Louisiana law creates just such a presumptive standard.  R.S. 15:175 A(1)(b) states: “A person will be deemed ‘indigent’ who is unable, without substantial financial hardship to himself or to his dependents, to obtain competent, qualified legal representation on his own.  ‘Substantial financial hardship’ is presumptively determined to include all defendants who receive public assistance, such as Food Stamps, Temporary Assistance for Needy Families, Medicaid, Disability Insurance, resides in public housing, or earns less than two hundred percent of the Federal Poverty Guideline.  A defendant is presumed to have a substantial financial hardship if he or she is currently serving a sentence in a correctional institution or is housed in a mental health facility.”  And despite the district attorney’s opinion to the contrary, R.S. 15:175 B(2) clearly states: “Release on bail alone shall not disqualify a person for appointment of counsel.”
For those who do not meet the presumptive standard, but who may still qualify under the “substantial hardship” standard, many jurisdictions have developed financial eligibility formulas that take into account a household’s net income, liquid assets, reasonable necessary expenses and other exceptional expenses.  Under Guideline 1.5 cited above, liquid assets include cash in hand, stocks and bonds, bank accounts and any other property that can be readily converted to cash.  Factors that are not to be considered include the person's car, house, household furnishings, clothing, any property declared exempt from attachment or execution by law, the person’s release on bond, or the resources of a spouse, parent, or other person.  Next, the screening agency assesses a defendant’s reasonable necessary expenses and other money owed for exceptional expenses, like medical care not covered by insurance, or court-ordered family support. Though jurisdictions vary as to what constitutes “necessary” expenses, most include rent, day care, and utilities.  Screeners then determine the available funds an individual has to contribute toward defense representation by adding the net income and liquid assets and subtracting from the total the sum of reasonable and exceptional expenses. The resulting available funds can then be measured against a second tier presumptive eligibility standard.  In many jurisdictions, this second presumptive level is a designated percentage of the Federal Poverty Guidelines.  
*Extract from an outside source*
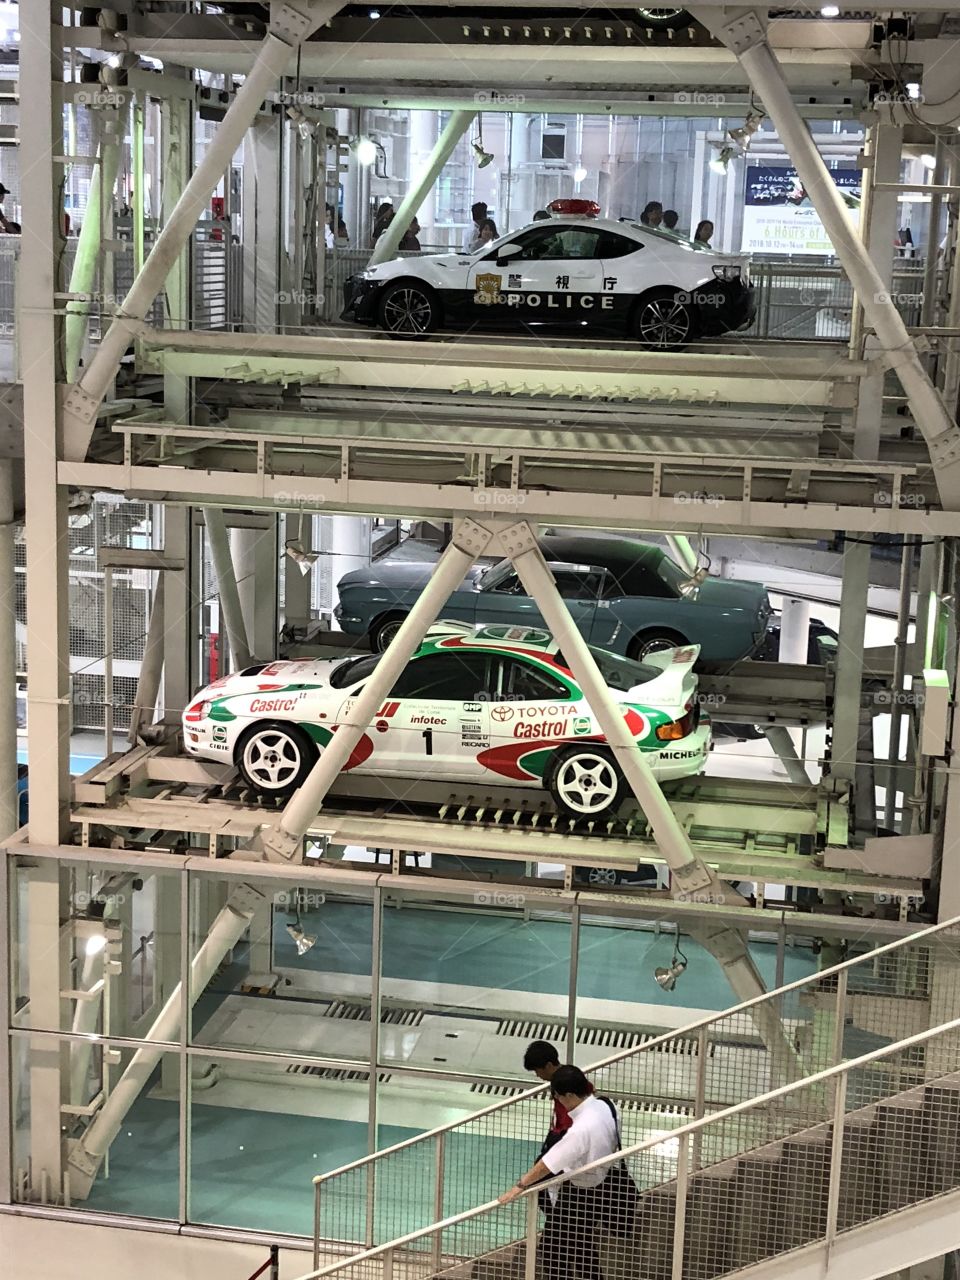 Toyota’s garage exhibit

Many jurisdictions have pre-trial services units that are responsible for eligibility screening.  Since pre-trial units are often responsible for recommending to a judge whether an arrestee should be detained or released and for presenting judges with independent assessments on bail recommendations, it makes sense for the unit to also screen for public defender eligibility.  Much of the same information is required to determine both eligibility for a public defender and flight risk.   Having the indigency determination done at the same time as the risk assessment allows for earlier notification of appointment to the public defender offices.  This, in turn, allows defenders to be more informed when meeting the client and leads to more informed bail hearings.
In New Orleans, there is hope that establishing a pre-trial services unit will make eligibility screening more objective.  As reported by, the district attorney and public defender “agreed that a pre-trial services program would improve the situation by providing independent screening of defendants.  That’s the system is [sic] used in federal court, but state courts in New Orleans have never funded such a program.”